Functional Tumor Volume by Fast Dynamic Contrast-Enhanced MRI for Predicting Neoadjuvant Systemic Therapy Response in Triple-Negative Breast Cancer
- PMID: 33586845
- PMCID: PMC11830147
- DOI: 10.1002/jmri.27557
Functional Tumor Volume by Fast Dynamic Contrast-Enhanced MRI for Predicting Neoadjuvant Systemic Therapy Response in Triple-Negative Breast Cancer
Abstract
Background: Dynamic contrast-enhanced (DCE) MRI is useful for diagnosis and assessment of treatment response in breast cancer. Fast DCE MRI offers a higher sampling rate of contrast enhancement curves in comparison to conventional DCE MRI, potentially characterizing tumor perfusion kinetics more accurately for measurement of functional tumor volume (FTV) as a predictor of treatment response.

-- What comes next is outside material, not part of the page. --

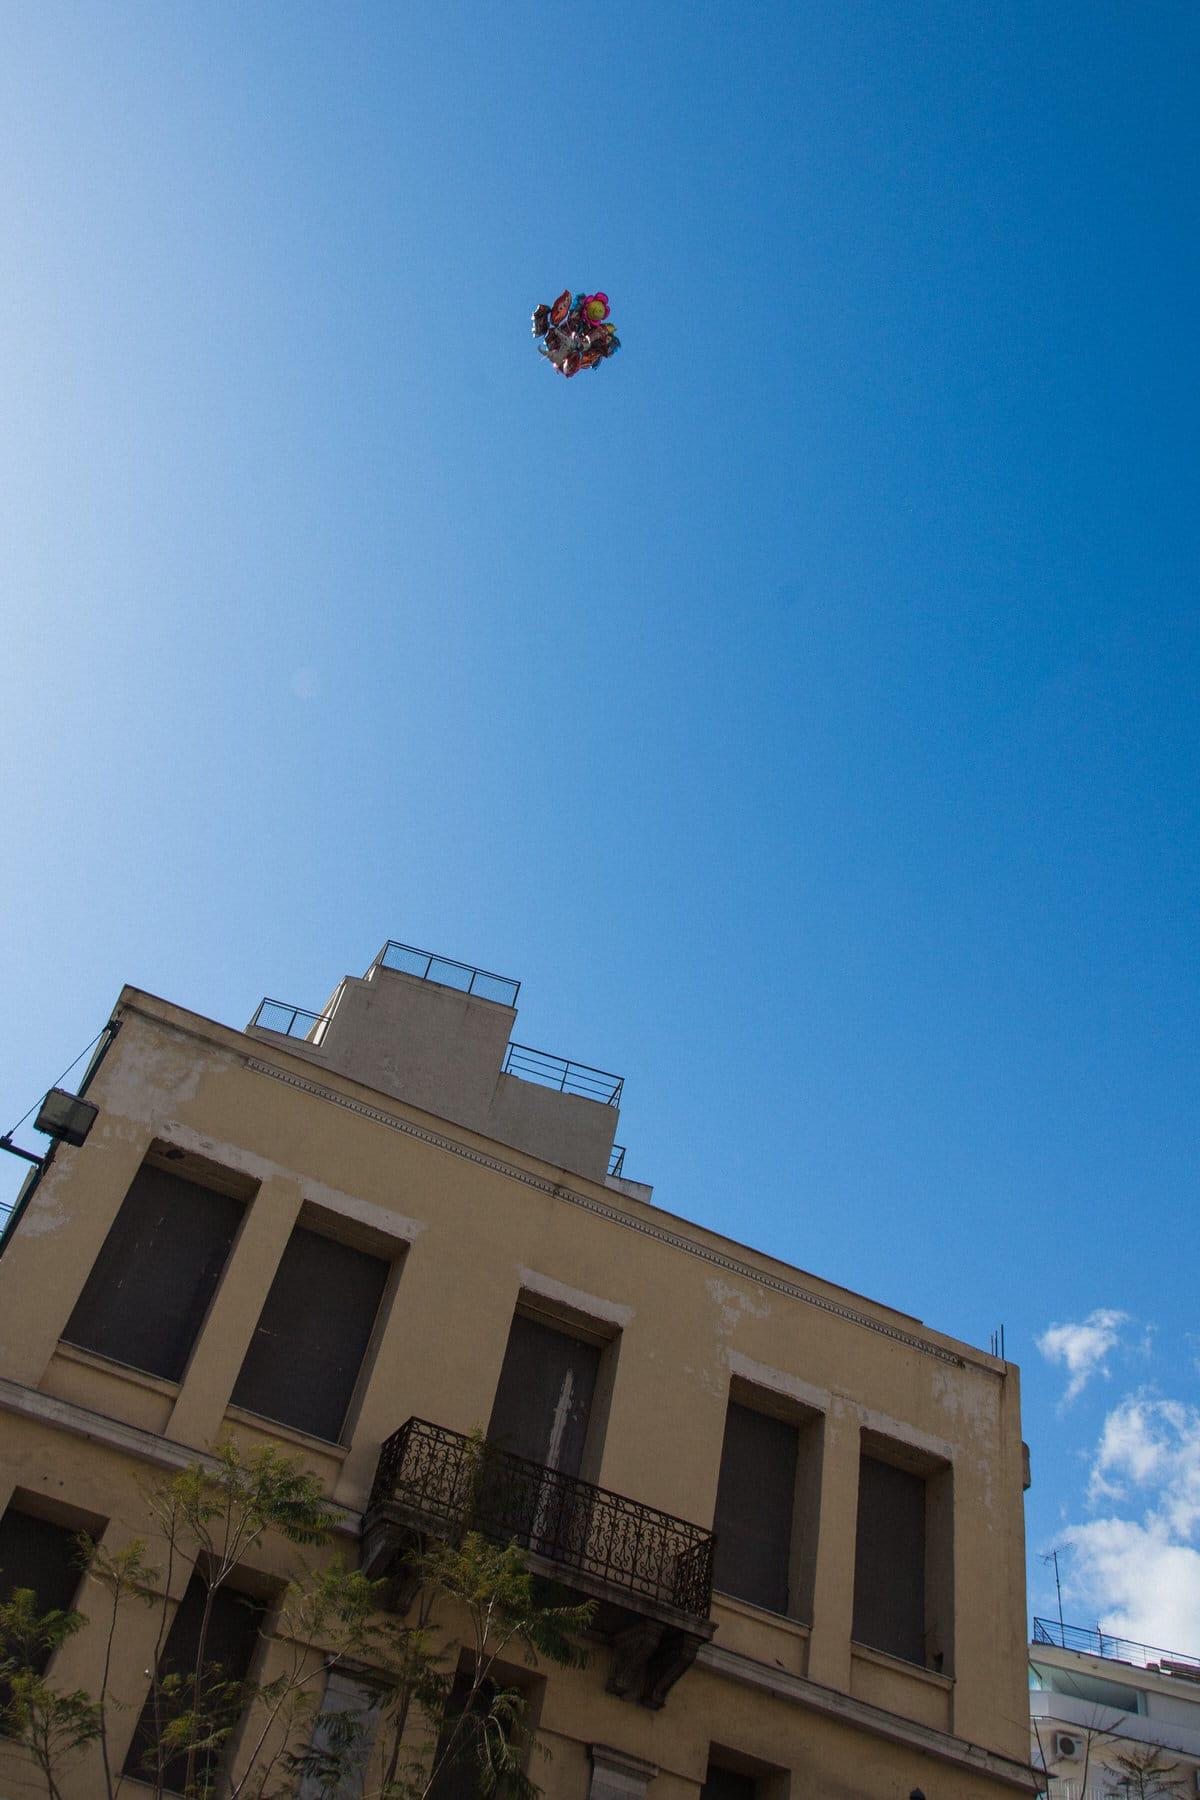 Athens-Greece-fine-art-photography-by-Studio-L-photographer-Laura-Schneider-_2147

Purpose: To investigate FTV by fast DCE MRI as a predictor of neoadjuvant systemic therapy (NAST) response in triple-negative breast cancer (TNBC).
Study type: Prospective.
Population/subjects: Sixty patients with biopsy-confirmed TNBC between December 2016 and September 2020.
Field strength/sequence: A 3.0 T/3D fast spoiled gradient echo-based DCE MRI ASSESSMENT: Patients underwent MRI at baseline and after four cycles (C4) of NAST, followed by definitive surgery. DCE subtraction images were analyzed in consensus by two breast radiologists with 5 (A.H.A.) and 2 (H.S.M.) years of experience. Tumor volumes (TV) were measured on early and late subtractions. Tumors were segmented on 1 and 2.5-minute early phases subtractions and FTV was determined using optimized signal enhancement thresholds. Interpolated enhancement curves from segmented voxels were used to determine optimal early phase timing.
Statistical tests: Tumor volumes were compared between patients who had a pathologic complete response (pCR) and those who did not using the area under the receiver operating curve (AUC) and Mann-Whitney U test.
Results: About 26 of 60 patients (43%) had pCR. FTV at 1 minute after injection at C4 provided the best discrimination between pCR and non-pCR, with AUC (95% confidence interval [CI]) = 0.85 (0.74,0.95) (P < 0.05). The 1-minute timing was optimal for FTV measurements at C4 and for the change between C4 and baseline. TV from the early phase at C4 also yielded a good AUC (95%CI) of 0.82 (0.71,0.93) (P < 0.05).
Data conclusion: FTV and TV measured at 1 minute after injection can predict response to NAST in TNBC.
Level of evidence: 1 TECHNICAL EFFICACY: 4.
Keywords: DCE MRI; Triple-negative breast cancer; breast MRI; functional tumor volume; treatment response.
© 2021 International Society for Magnetic Resonance in Medicine.